Glover Garden (グラバー園, Gurabāen) is a park in Nagasaki, Japan, built for Thomas Blake Glover, a Scottish merchant who contributed to the modernization of Japan in shipbuilding, coal mining, and other fields. In it stands the Glover Residence, the oldest Western-style house surviving in Japan and Nagasaki's foremost tourist attraction.

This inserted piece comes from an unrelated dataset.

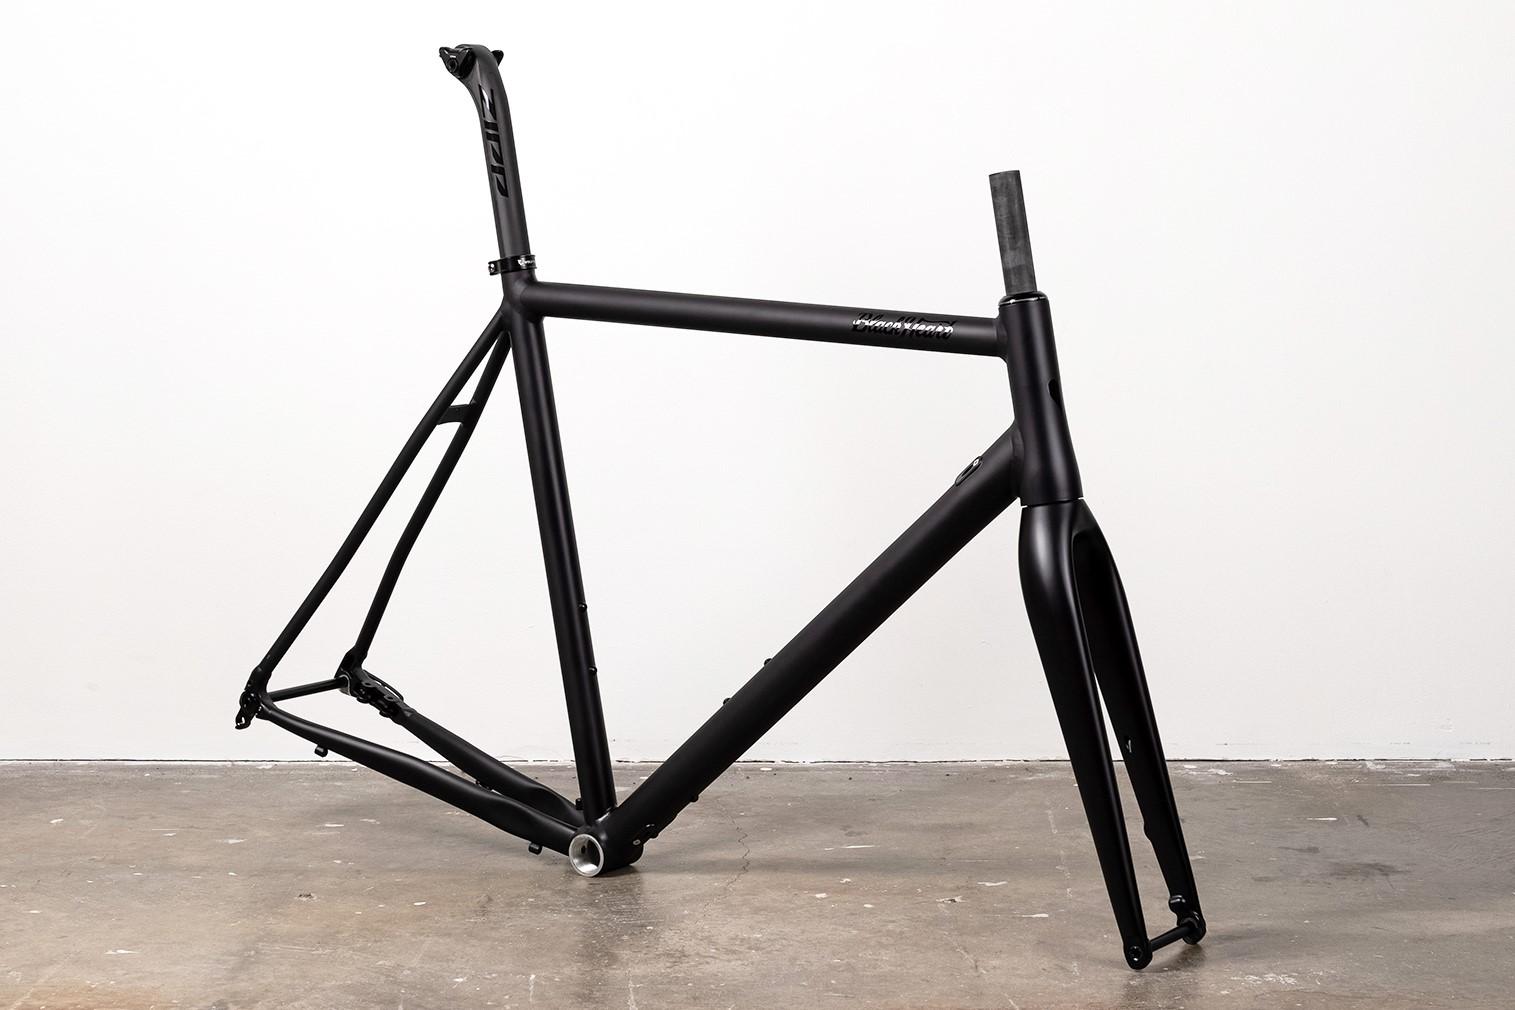 The BlackHeart Allroad aluminum retains Ti version's versatility, cuts price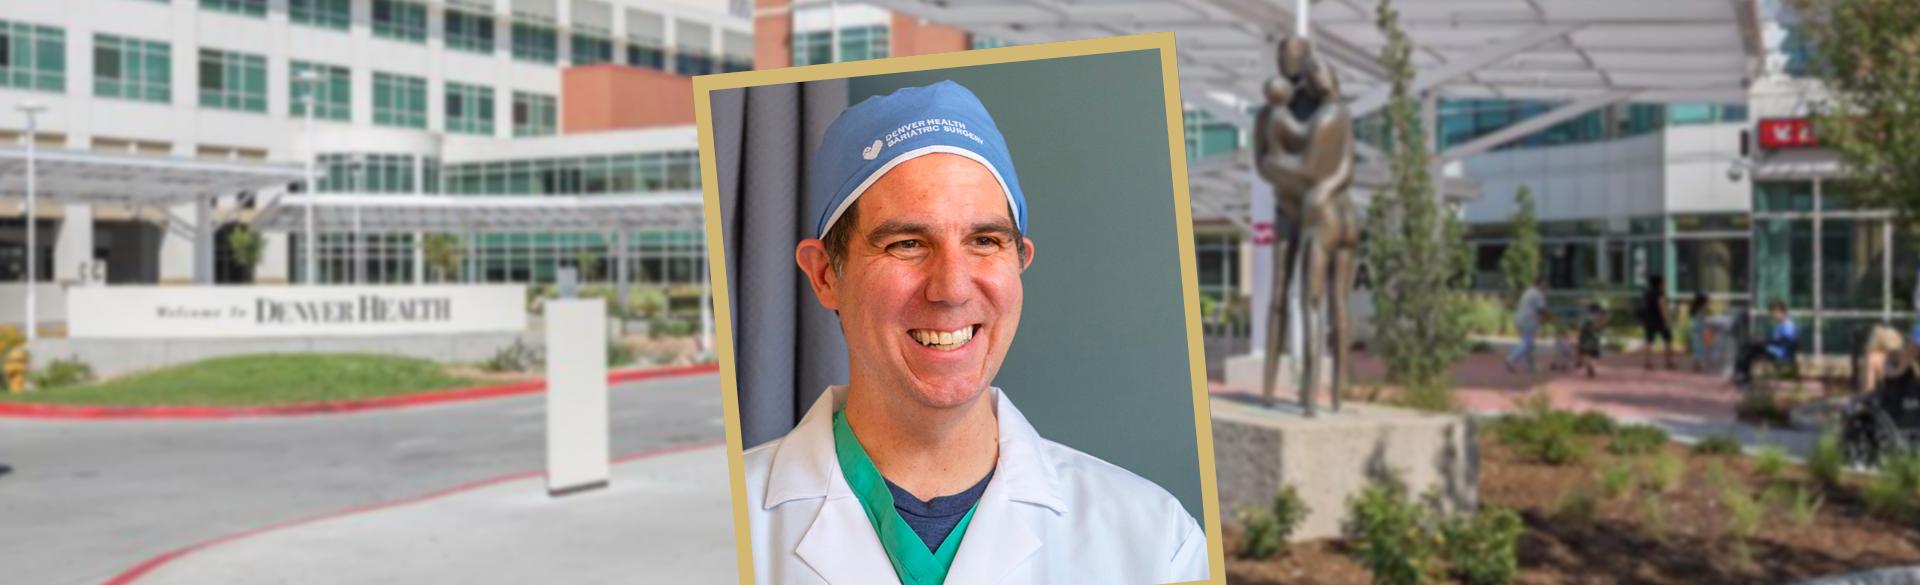 Denver Health Bariatric Surgery Public Health Initiative | CU School of Medicine Department of Surgery | Aurora, CO

It is located on the Minamiyamate hillside overlooking Nagasaki harbor. It was built by Hidenoshin Koyama of Amakusa island and completed in 1863. It has been designated as an Important Cultural Asset. As the house and its surroundings are reminiscent of Puccini's opera, it is also known as the "Madame Butterfly House." Statues of Puccini and diva Miura Tamaki, famed for her role as Cio-Cio-san, stand in the park near the house. This house was also the venue of Glover's meetings with rebel samurai, particularly from the Chōshū and Satsuma domains.

==Glover Residence==

The Glover Residence is noted for its blend of Western and Japanese elements and is an example of treaty port building. This type of architecture closely resembles one-story bungalows used by foreigners in Hong Kong or Shanghai and imported to Japan by British traders. Rather than following contemporary Victorian styles, this type of building more closely reflects the Georgian aesthetic popular in Britain during the previous generation.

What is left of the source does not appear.